Radicaliser son action : l'urgence pour le mouvement climat

Pourquoi le mouvement pour le climat rejette l'action violente collective ? Sous quelles formes pourrait-elle s'exercer ? Le géographe et militant climat Andreas Malm répond à ces questions dans un essai percutant.

Comment saboter un pipeline,

Andreas Malm,

210p, La Fabrique, 14 euros.

Après 30 ans d’inactivité politique face au changement climatique, l'investissement massif du capital dans les infrastructures de combustibles fossiles ne tarit pas, rendant illusoire l'objectif d’un réchauffement climatique maintenu à 1,5°C ou 2°C. Quand l'urgence climatique se fait plus pressante, le mouvement pour le climat n'a pas réussi à inverser la tangente, ni à imposer son agenda écologique. Maître de conférences en géographie humaine en Suède, militant pour le climat, Andreas Malm propose dans son essai une analyse de cet échec, questionnant le répertoire d'actions pacifiques et l’« attachement à une non violence absolue » du mouvement climat.

La doctrine du pacifisme stratégique a monopolisé son imaginaire. Revendiqué principalement par Extinction Rébellion (XR), cette ligne de conduite militante établit que « la violence commise par les mouvements sociaux les éloigne systématiquement de leur objectif ». Cette vision idéalisée du pacifisme est influencée par une conception de l'histoire erronée qui veut que les grands combats sociaux et politiques du XXe siècle aient été remportés grâce aux pacifistes. Les théoriciens du mouvement pour le climat effacent de leurs analyses toutes les formes de mobilisations violentes qui ont participé à rendre victorieux les processus de libérations historiques (esclavage, suffragettes, décolonisation, Apartheid, lutte pour les droits civiques aux USA, etc.).

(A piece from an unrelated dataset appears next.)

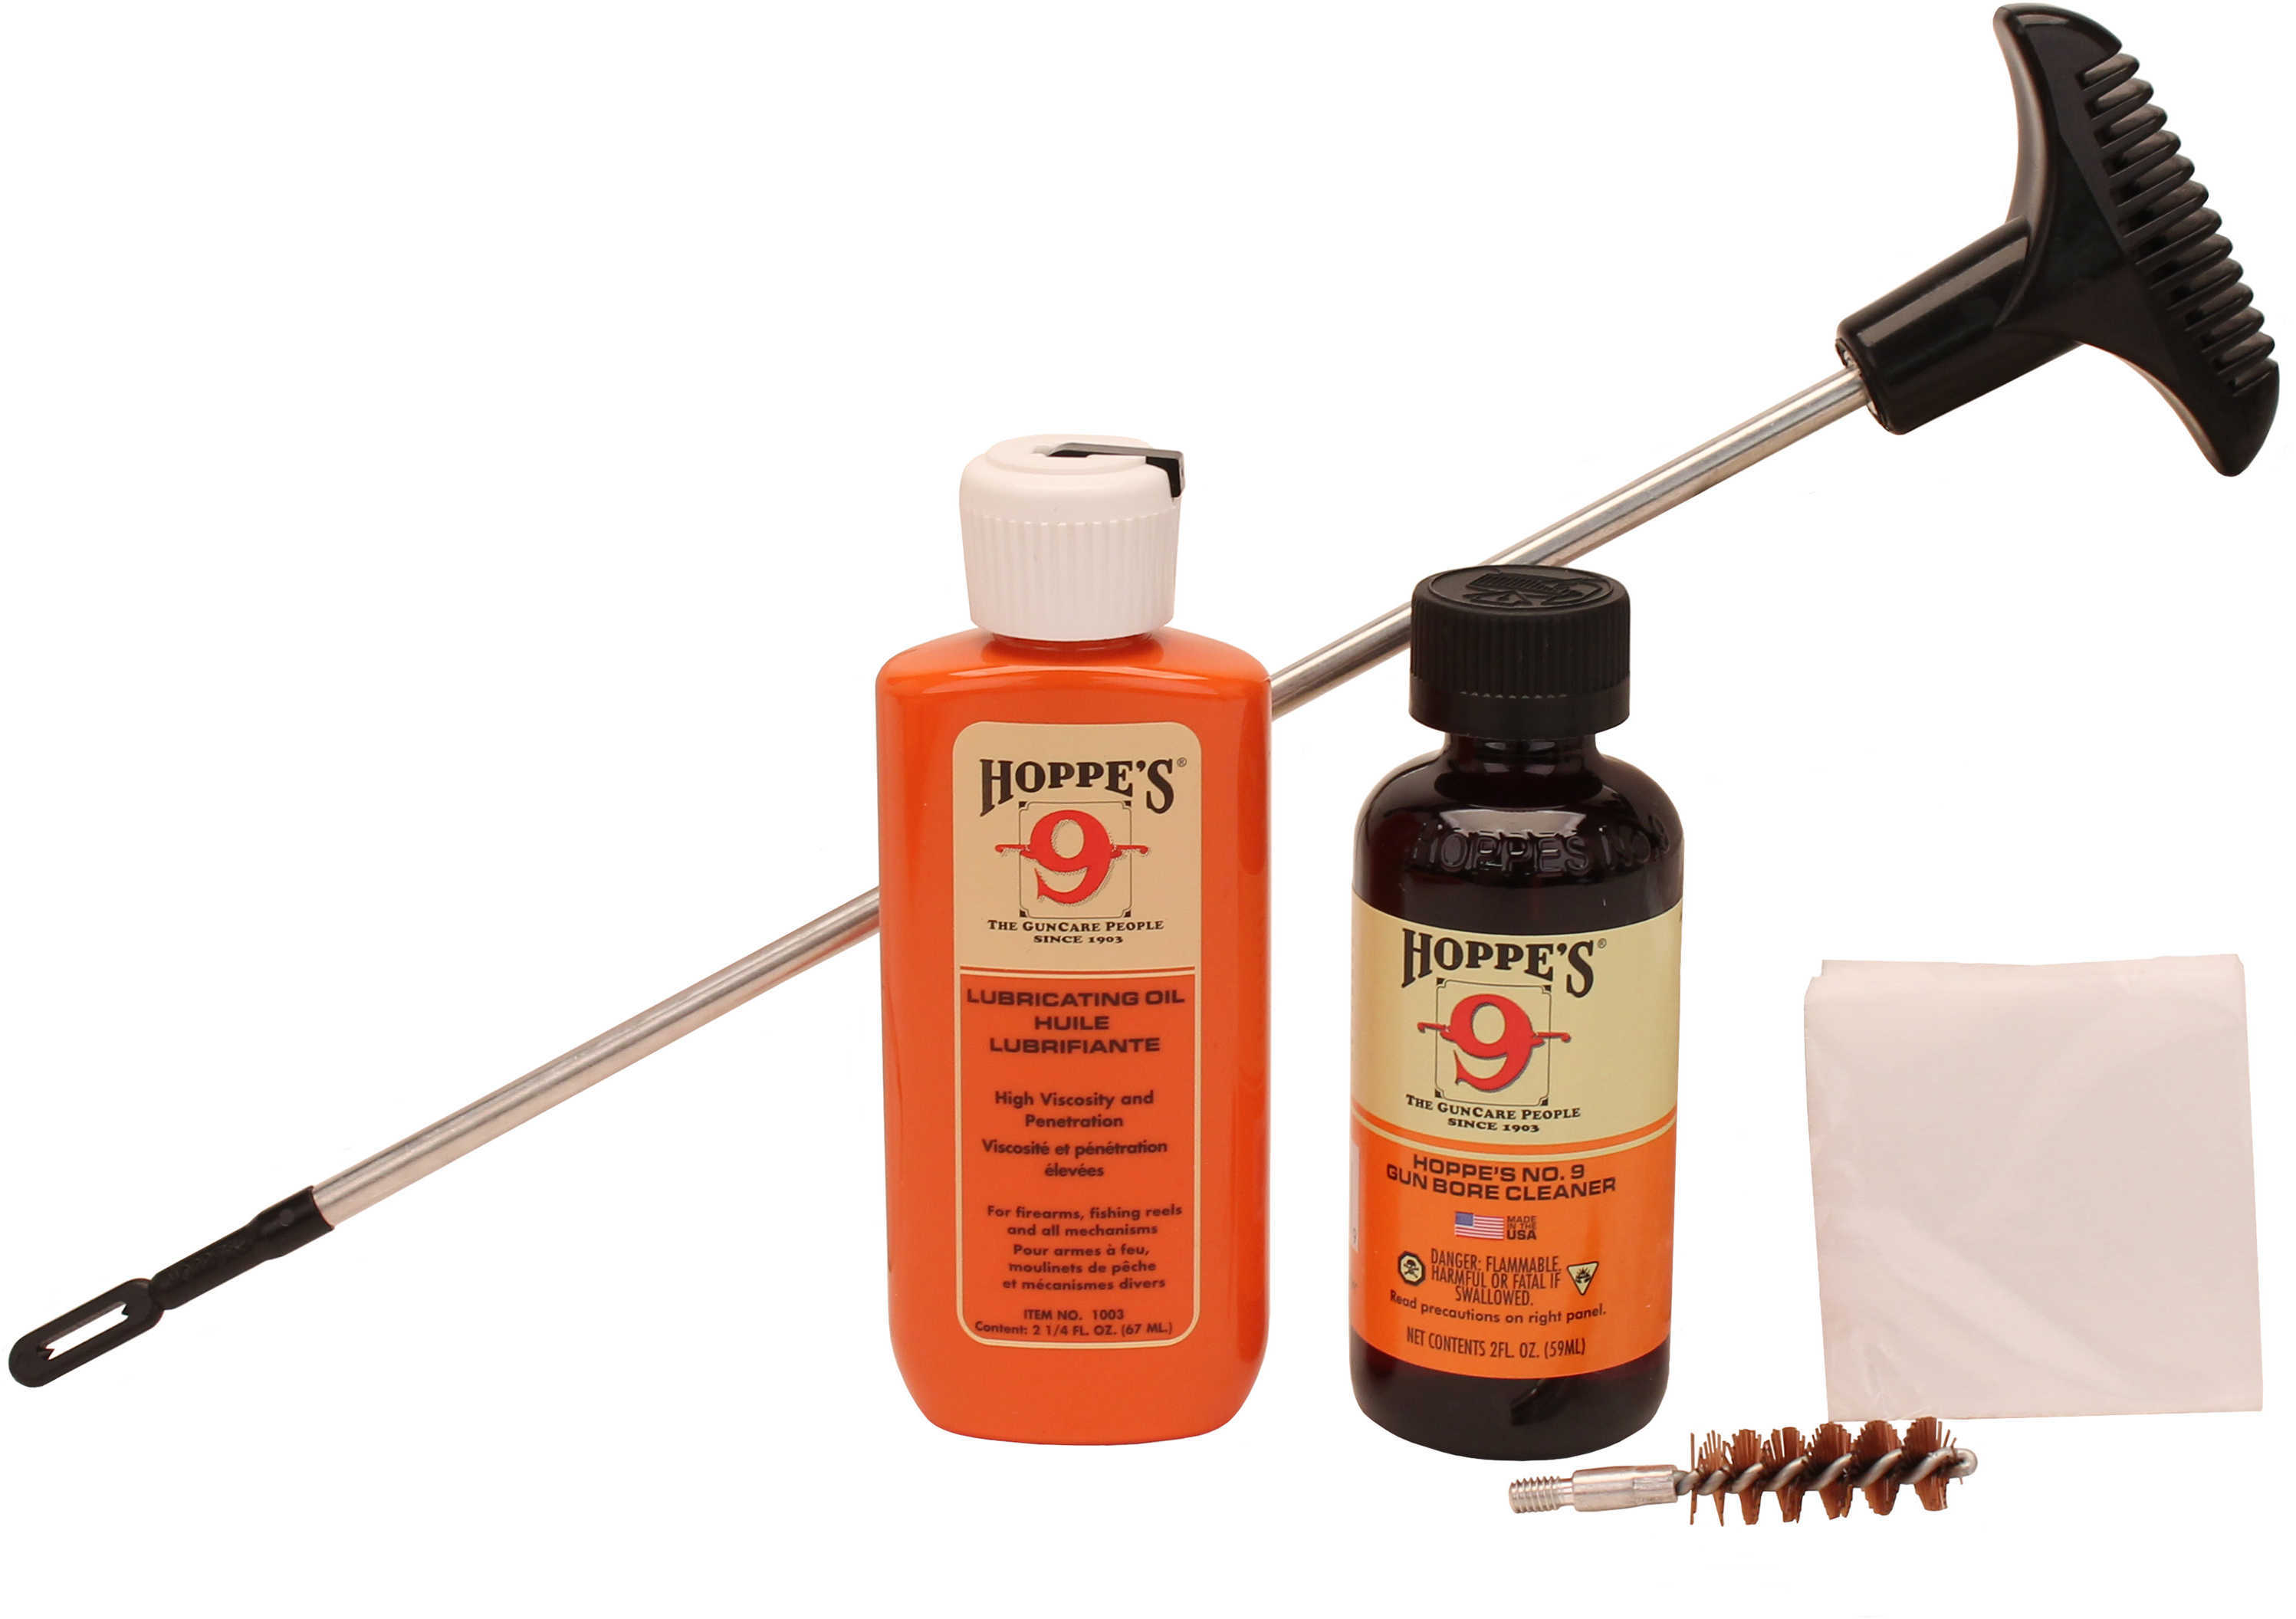 Hoppes Pistol Cleaning Kit - Clamshell .40 10mm Contains: 2 Oz No. 9 Solvent 2.25 Lubricating Oil Patches alumin

Andreas Malm rappelle que grâce à l'existence d'un flanc radical, les mouvements de libération ont pu obtenir gains de cause. Sans Malcom-X, pas de Martin Luther King (et vice-versa). Et si le mouvement des droits civiques a pu arracher le Civil Rights Act en 1964 mettant fin à la ségrégation raciale, c'est bien parce qu'aux yeux de l’État, ces militant·es pacifiques apparaissaient comme un moindre mal comparé à la menace représentée par les Black Panthers. Dans d'autres moments historiques, la constitution d'un flanc radical a permis de nombreuses avancées sociales ou politiques, comme ce fut le cas pour le mouvement ouvrier européen, ou la lutte victorieuse contre l'Apartheid en Afrique du Sud.

Le pire n'est pas certain

En comparaison, Andreas Malm souligne que le réchauffement climatique est un défi inédit pour l'humanité, et il lui reste peu de temps pour agir, car si « le pire n'est pas encore arrivé, il arrive, à plein vitesse ». Au-delà de tout discours catastrophiste démobilisateur, il rappelle qu'il est techniquement possible de limiter le réchauffement à 1,5°C, en instituant « une prohibition mondiale de tout nouveau dispositif émetteur de CO2 », et en réduisant les durées de vie des infrastructures existantes des combustibles fossiles. Tout le système de production doit disparaître. Aucun compromis n'est possible. L’État ne s'attaquera jamais à la propriété capitaliste, et ce n'est pas le mouvement climat dans sa configuration actuelle qui le poussera à agir. Seule solution : dépasser le pacifisme en intégrant dans son panel d'actions le sabotage des infrastructures climaticides.

Cette stratégie a deux objectifs : dissuader les investissements dans les combustibles fossiles et montrer qu'ils peuvent être mis hors service. Certes, les militant·es ne pourront pas mettre à terre, seul·es, tout le système énergétique mondial, mais peuvent pousser les États à proclamer la prohibition et la réforme du matériel existant. En sorte, il s'agit d'appliquer la théorie du flanc radical au mouvement climat, chose qui n'a jamais été réalisée aujourd'hui.

Résistance et sabotage

Surtout que le sabotage contre des infrastructures d'énergie fossile jouit d'une véritable tradition historique : la résistance palestinienne a été pionnière dans les années 1930, dégradant les pipelines britanniques et infligeant de lourdes pertes économiques. Le Congrès national africain (ANC) en Afrique du Sud contre l'Apartheid, la résistance irakienne contre l'occupant américain dans les années 2000, les révolutionnaires égyptiens pendant le Printemps arabe... Plus spectaculaire, en septembre 2019, l’attaque de drones explosifs contre les installations pétrolières saoudiennes par les rebelles Houhtis du Yémen, a mis à l'arrêt la moitié de la production du pays, soit 7% de l'approvisionnement mondial.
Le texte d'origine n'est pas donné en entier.